To get a list of discussions for a set of topics, we use the get_topics_discussions()
function as follows:
get_themes() %>%
filter(themes %in% c("Coverage assessment", "Food assistance")) %>%
get_themes_topics() %>%
get_topics_discussions()
which results in
#> # A tibble: 505 x 10
#> theme topic user userCode job role date_time type code post
#> <chr> <chr> <chr> <chr> <chr> <chr> <dttm> <chr> <chr> <chr>
#> 1 Cover… Reso… Tams… user24 en-n… Foru… 2011-12-06 11:59:00 ques… 574 "Dea…
#> 2 Cover… Reso… Mark… user31 Cons… Freq… 2011-12-06 13:24:00 answ… 1536 "And…
#> 3 Cover… Reso… Erne… user999 Kati… Tech… 2011-12-22 18:02:00 answ… 1603 "Wor…
#> 4 Cover… Reso… Saul… user1000 Dire… Tech… 2012-01-11 08:59:00 answ… 1664 "And…
#> 5 Cover… Reso… Mark… user31 Cons… Freq… 2012-05-01 12:29:00 answ… 2076 "Jus…
#> 6 Cover… Reso… Erne… user999 Kati… Tech… 2012-05-26 09:48:00 answ… 2180 "We …
#> 7 Cover… Reso… Erne… user999 Kati… Tech… 2012-07-05 11:19:00 answ… 2278 "Dea…
#> 8 Cover… Reso… Mark… user31 Cons… Freq… 2012-09-17 16:40:00 answ… 2442 "Upd…
#> 9 Cover… Reso… Mark… user31 Cons… Freq… 2012-11-01 16:19:00 answ… 2615 "And…
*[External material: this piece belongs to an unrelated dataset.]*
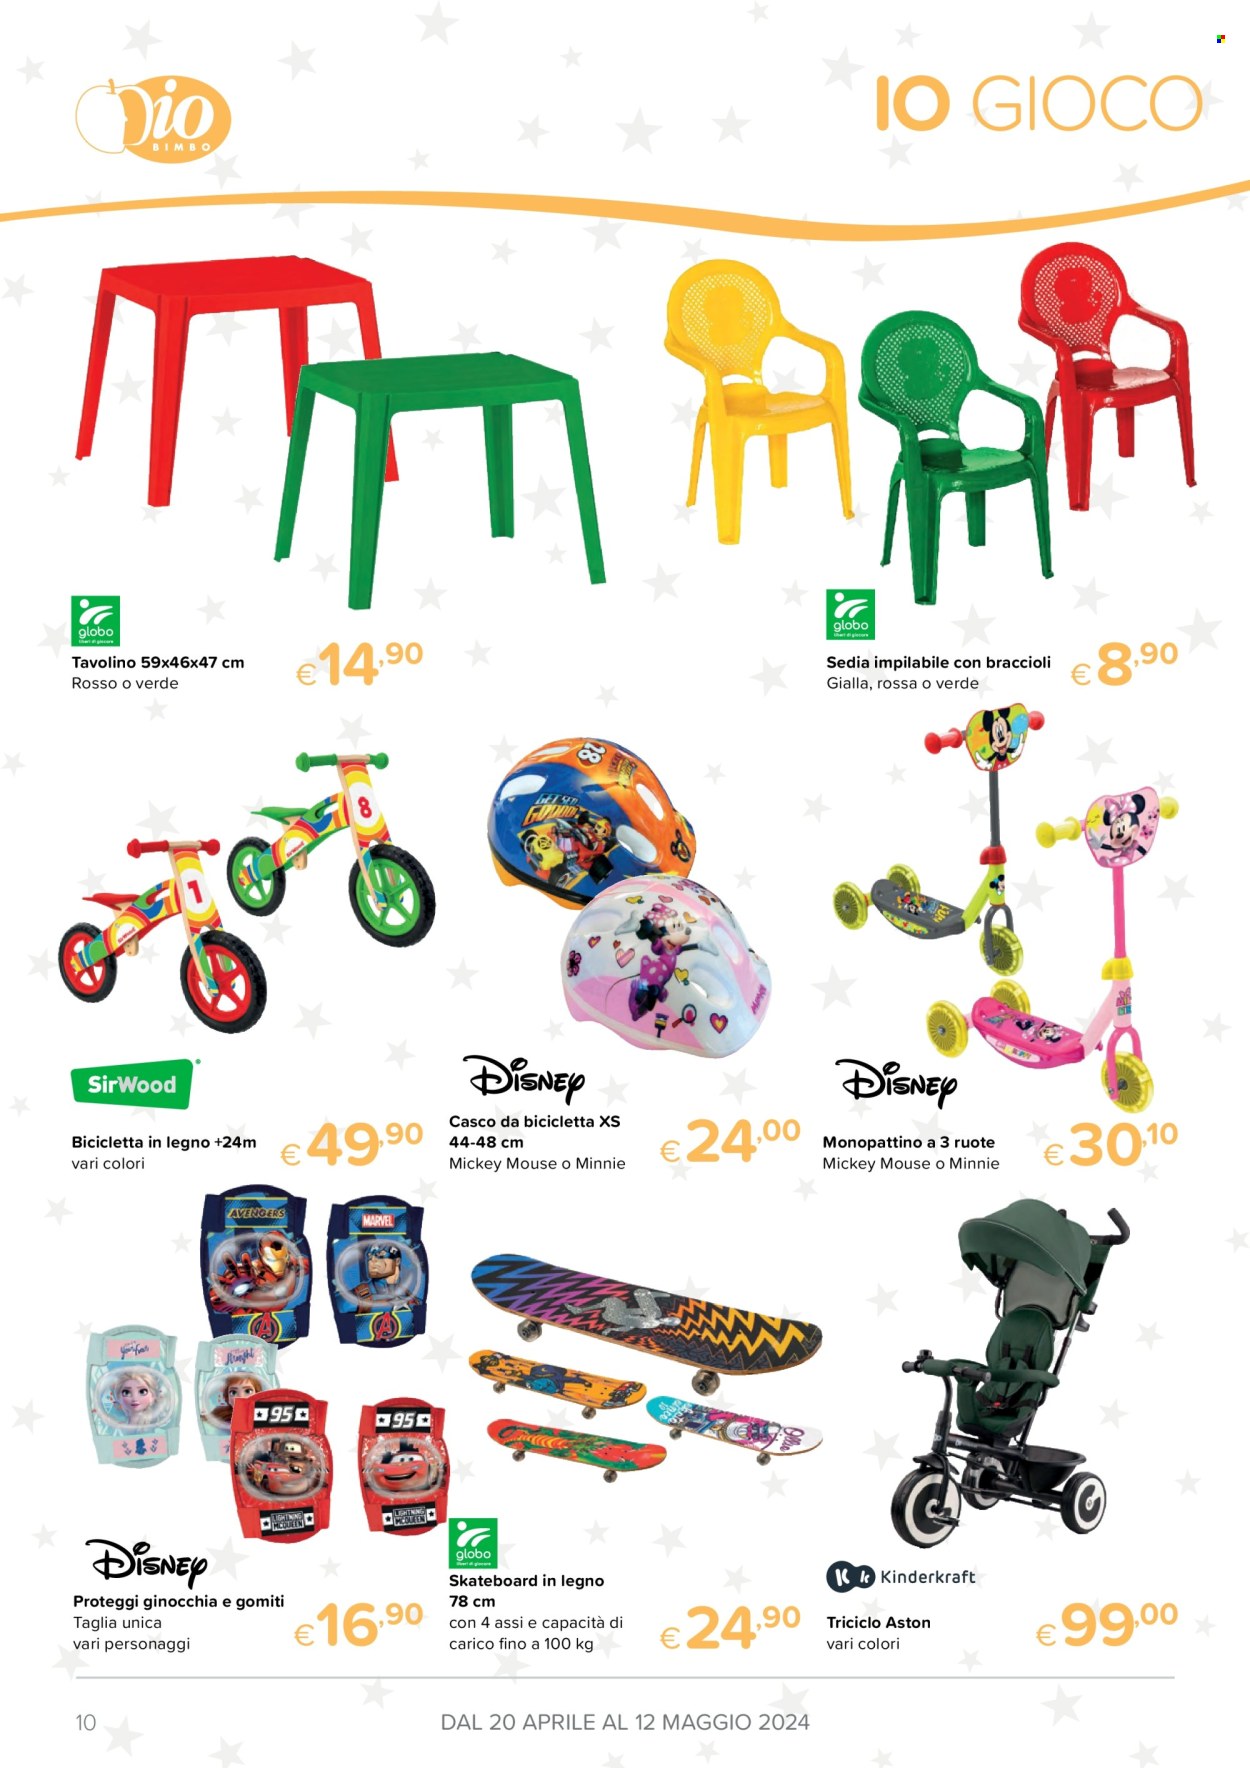 thumbnail - Volantino Io Bimbo - 20/4/2024 - 12/5/2024 - Prodotti in offerta - Disney, McQueen, bicicletta, casco, monopattino, gioco. Pagina 10.

#> 10 Cover… Reso… Mark… user31 Cons… Freq… 2013-04-30 17:19:00 answ… 3288 "The…
#> # … with 495 more rows
The resulting table contains information on all the discussions within all the topics within the thematic areas of Coverage assessment and Food assistance including the text data on the question and the ensuing reply/replies to the question.